Seymour Chatman- All About the Narrative

Seymour Chatman was an American film and literary critic, as well as a professor, and was particularly well known for his book ‘Story and Discourse: Narrative Structure in Fiction and Film’. However, when it comes to understanding drama and the narrative, his essay ‘Story and Narrative’ is most enlightening.

So what makes the narrative so special? What does it even comprise of? Well lets take a look!


Structuralist theory believes that each narrative holds two parts; a story, the content, or “chain of events” (actions, happenings), and the “existents” (characters, items of settings;  and the discourse, or the “expression, the means by which the content is communicated”. The story then becomes the ‘what’ in a narrative that is portrayed, while the discourse becomes the ‘how’. Chatman notes that such a distinction has existed since the time of Aristotle’s ‘Poetics’; “For Aristotle, the imitation of actions in the real world, praxis, was seen as forming an argument, logos, from which were selected (and possibly rearranged) the units that formed the plot, mythos”

The Russian formalists had such a distinction as well, but used only two concepts; fable (fabula)- the “basic story stuff, the sum total of events to be related in the narrative” and the plot (sjuzet) the story as actually told by linking the events together.

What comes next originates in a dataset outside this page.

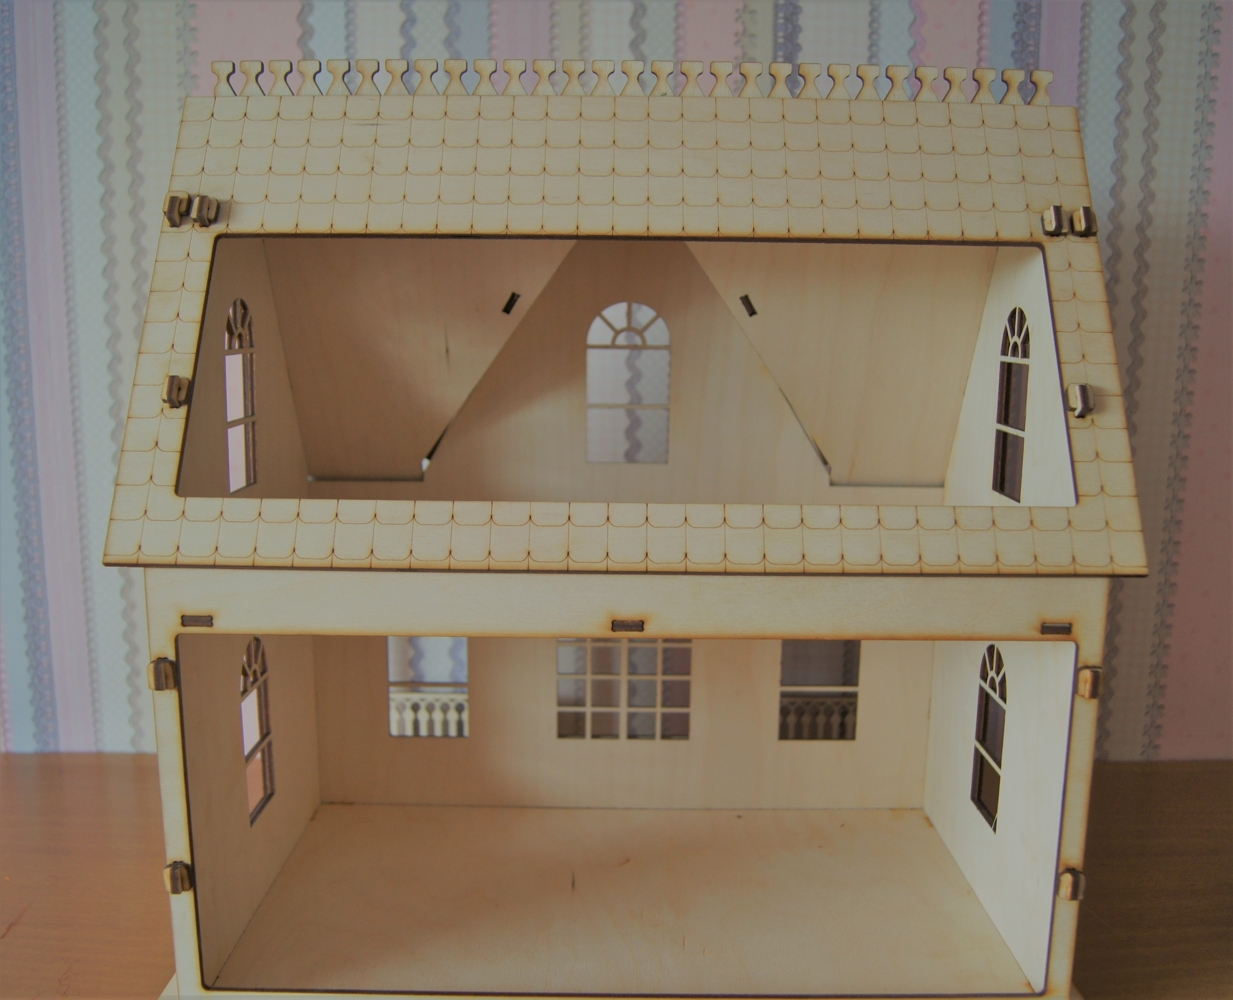 Laser Cut Wooden Model House Free Vector

Formalists see the fable as the series of events tired together, which are communicated to us in the course of the work, whereas plot is how the reader is made aware of what has transpired.

The narrative embodies a “communication”, therefore it has two parties; a sender and a receiver. Each party has three different “personages”- the sender contains the real author, implied author and the narrator (if present). The receiver contains the real audience, the implied audience and the narratee. Furthermore, the audience is compelled to respond with an interpretation; they can’t avoid participating in the “transaction”. Likewise, the audience makes interpretations about the character as well.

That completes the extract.